On Monday at the Faculty Glade, onlookers eagerly awaited the arrival of the day’s most important guest: Charles Townes. Cheers and applause broke out as a golf cart came into view and renowned physicist, educator and Nobel Prize winner Charles Townes made his way onto the glade — kicking off the celebration of his 99th birthday, spectated by family, friends, faculty, staff and students.
After the California Straw Hat Band serenaded Townes, speakers gave a brief history of Townes’ career and his accomplishments, weaving in anecdotes and memoirs of shared times together.
Steve Boggs, chair of the UC Berkeley physics department, pointed out that this year marks the 50th anniversary since Charles Townes received the Nobel Prize for discovering the laser, which he says is even more cause for celebration. Boggs wowed the audience when he said, “by the time Charles Townes came to UC Berkeley in 1967 as a university professor, he’d invented the laser, won the Nobel Prize, served as provost at MIT and was elected to the National Academy of Sciences. He was, at that point, only about a third of the way through his inaugural career.” Boggs also talked about how Townes’ invention of the laser led to findings of intergalactic complex molecules and prompted the discovery of the black hole, major milestones that radically advanced our interpretation of the universe.

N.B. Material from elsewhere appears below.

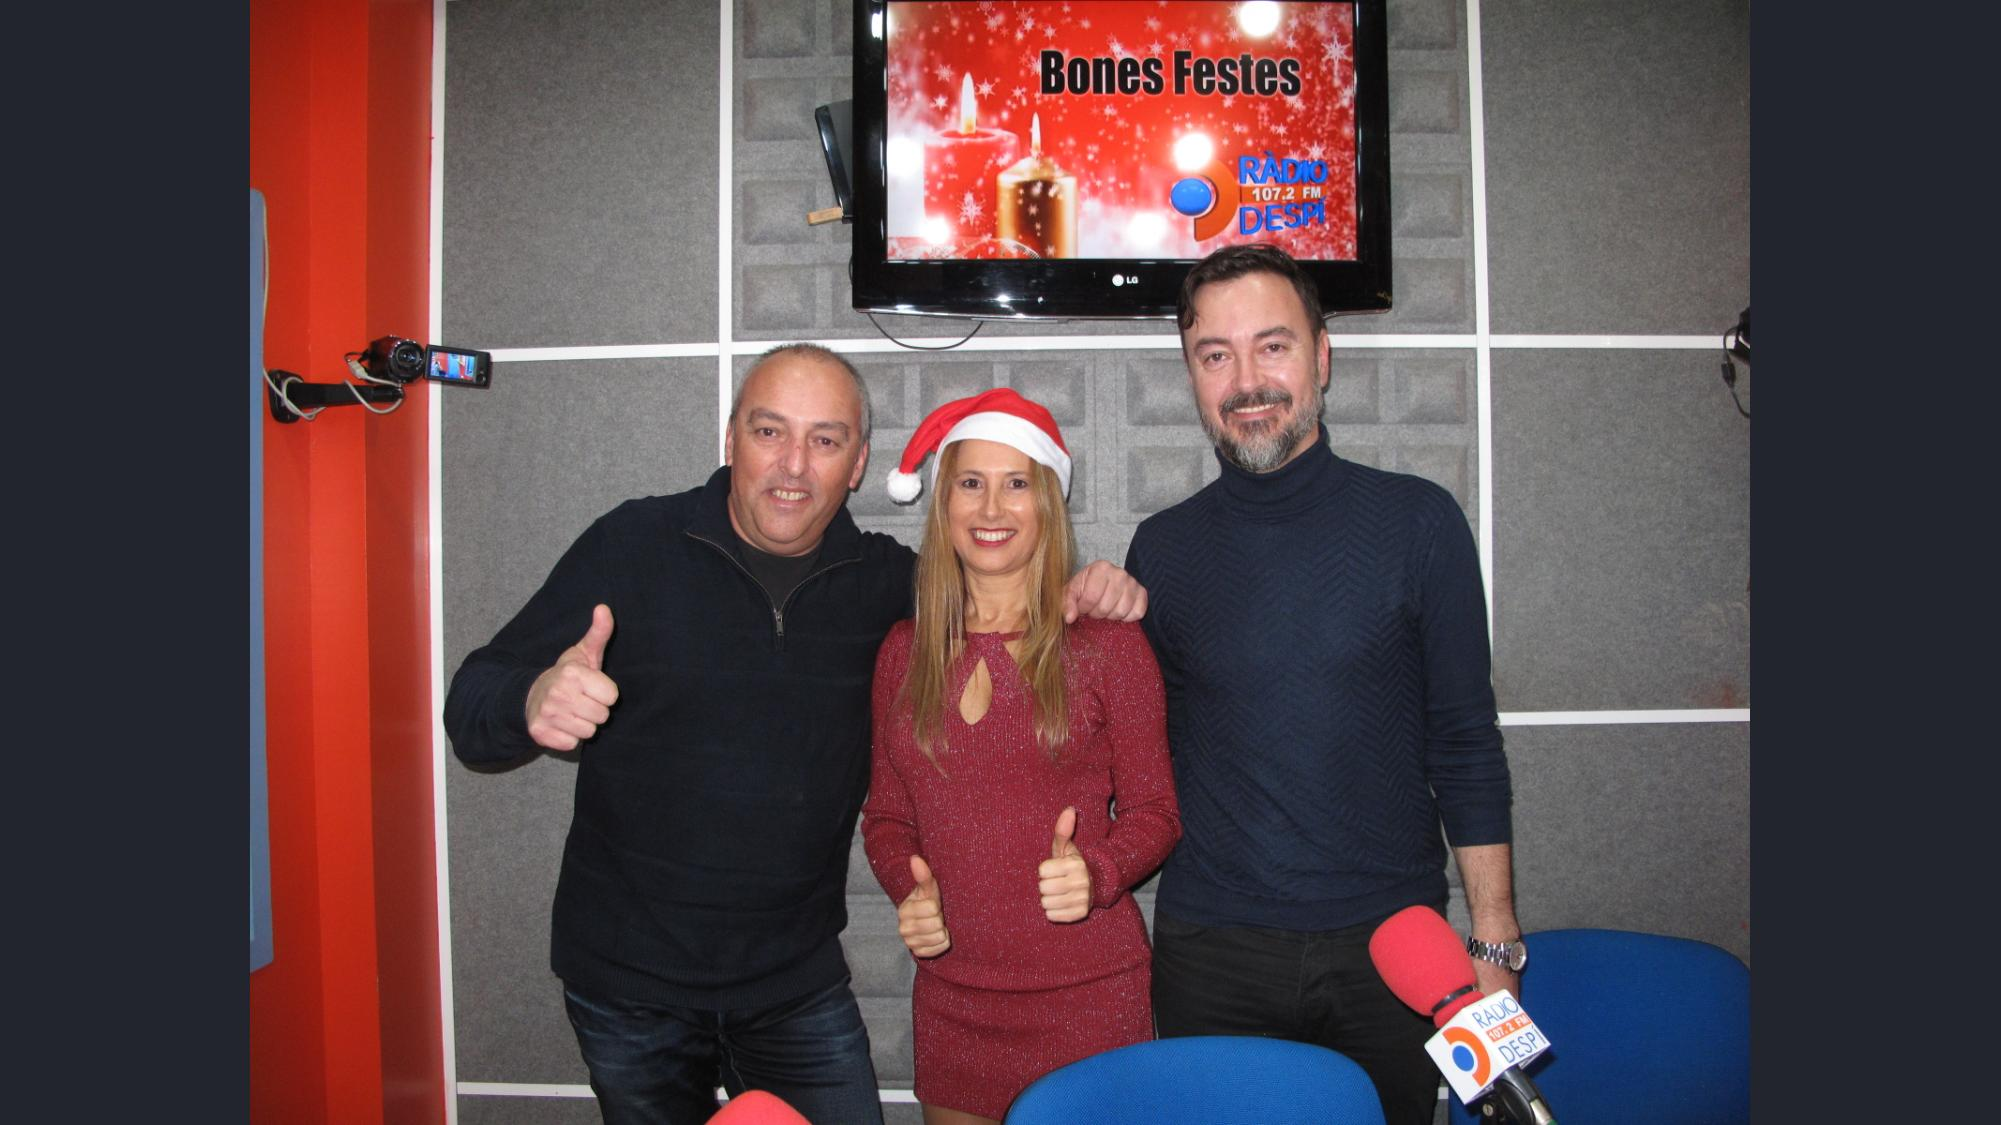 Radio Despi Marato Joguines 2019 Angy Bustamante - Jose Antonio Meca - Xavi Tobaja de Hits Box Topdisco Radio.
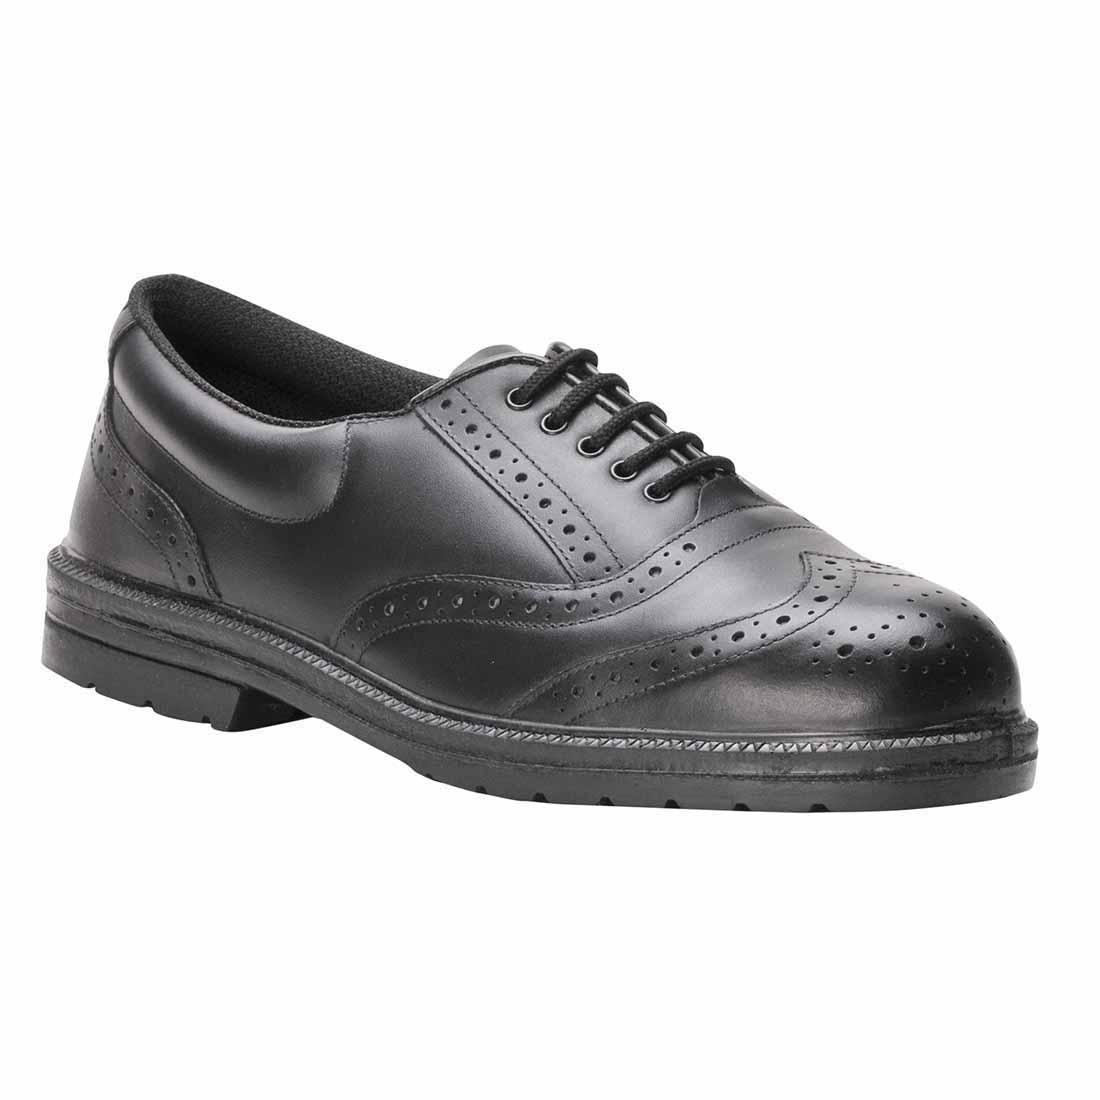 SUw - Steelite Executive Workwear Safety Safety Workwear Brogue Schuhe S1P 209ebd

Boggs also spoke about the Charles H. Townes Graduate Fellowship, which awards financial support to doctoral students of the Graduate Theological Union who demonstrate academic excellence in theologian-cum-scientific research, launching this fall. The fellowship was established honoring Townes’ championing of religious-scientific convergence — in a time when scientists were skeptical that religion had intellectual validity, Townes maintained that religion and science enlighten each other because religion reflects “the purpose and meaning of the universe,” while science determines “what our universe is like and how it works.” Students who wish to pursue this fellowship will follow in Townes’ footsteps and partner science with religion in search to understand the universe.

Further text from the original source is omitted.